Я подробнее отвечу потом на этот вопрос. Я понимаю, в связи с чем он задан. Вернее, это не вопрос, а такое скорее пожелание добра.

«Нравятся ли вам «Белые слоны» Хемингуэя? И почему?»

Вадим, не нравятся. То есть как? Я понимаю, что это очень хорошо. А почему мне это не нравится — я объясню буквально через три минуты.

РЕКЛАМА

Д. Быков― Братцы, продолжаем разговор. И, как я и обещал, в этой программе будет немного гостя. Но гость по условиям, которые поставил и подчеркнул Венедиктов, может быть только по телефону, потому что формат программы «Один»: я должен быть в студии один, всё должно быть строго. Потому что, как выяснилось, у нас некоторый конфликт интересов с другими программами. Мало осталось писателей, и этот же писатель нарасхват со своим новым романом будет присутствовать ещё в нескольких эховских программах. Ну, ничего не поделаешь. Я не могу не отреагировать на то, что мой близкий друг, прекрасный прозаик Денис Драгунский взял да и написал роман, причём роман о Первой мировой войне, точнее — о непосредственно предшествовавшей ей эпохе.

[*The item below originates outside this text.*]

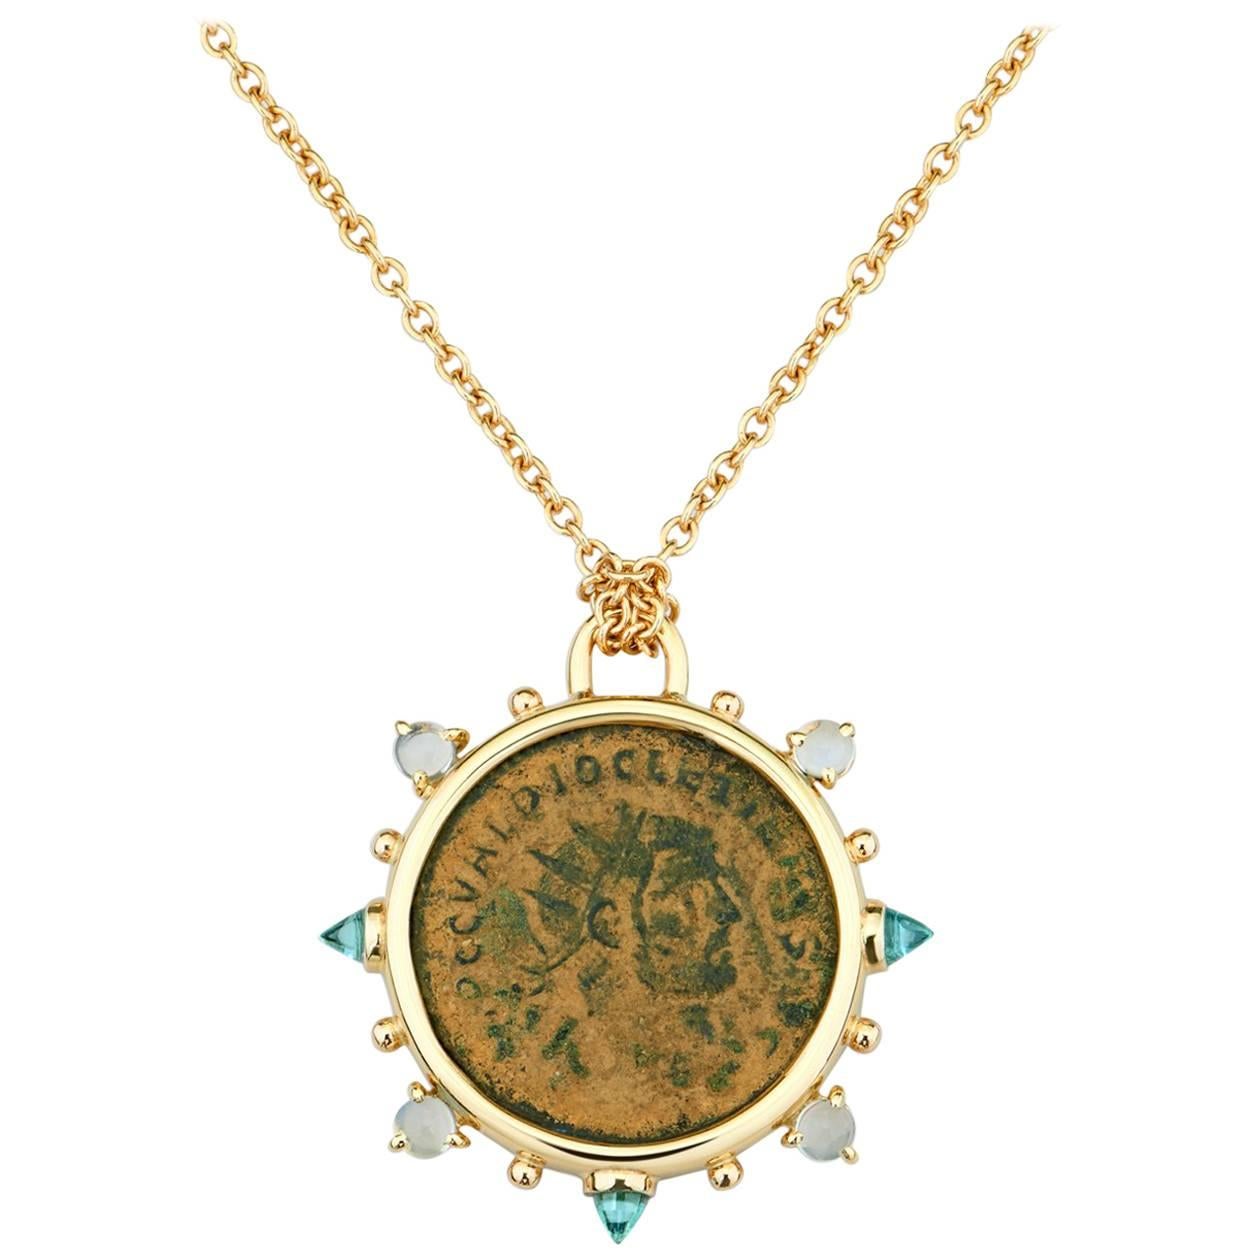 Dubini, collier en or 18 carats avec médaillon, médaillon en bronze et pierre de lune en forme de pièce de monnaie de style Diocletian antique

На проводе ли у нас Драгунский? Привет, Драгунский!

Д. Драгунский― Привет, Быков! Я здесь.

Д. Быков― Счастлив тебя слышать. Денис, может ты мне объяснить всеобщую моду на Первую мировую войну? Почему вдруг неожиданно, 100 лет спустя, она привлекла всеобщее внимание и все о ней записали, и даже ты?

Д. Драгунский― Понимаешь, в чём дело? Во-первых, она ещё не кончилась, так сказать. Она как началась в 1914 году, потом она в своей острой стадии продолжилась до 1945 года (а может быть, даже и до 1953-го, когда с Кореей что-то делалось), и как-то она потихонечку затухает, и до своего 100-летнего юбилея она дожила, в общем, как бы не кончаясь. Воюем, что называется. Кроме того, это действительно очень такая интересная эпоха, эпоха европейского суицида, когда прекрасная, благополучная, наконец-то дорвавшаяся до мира и спокойствия Европа, до какого-то относительного процветания, до социального благополучия, до искусства прекрасного и свободного, не догматичного… вдруг совершенно, как какие-то шавки полоумные, все народы вцепились друг другу в глотки. Вот этот суицид цивилизации очень интересен, на мой взгляд.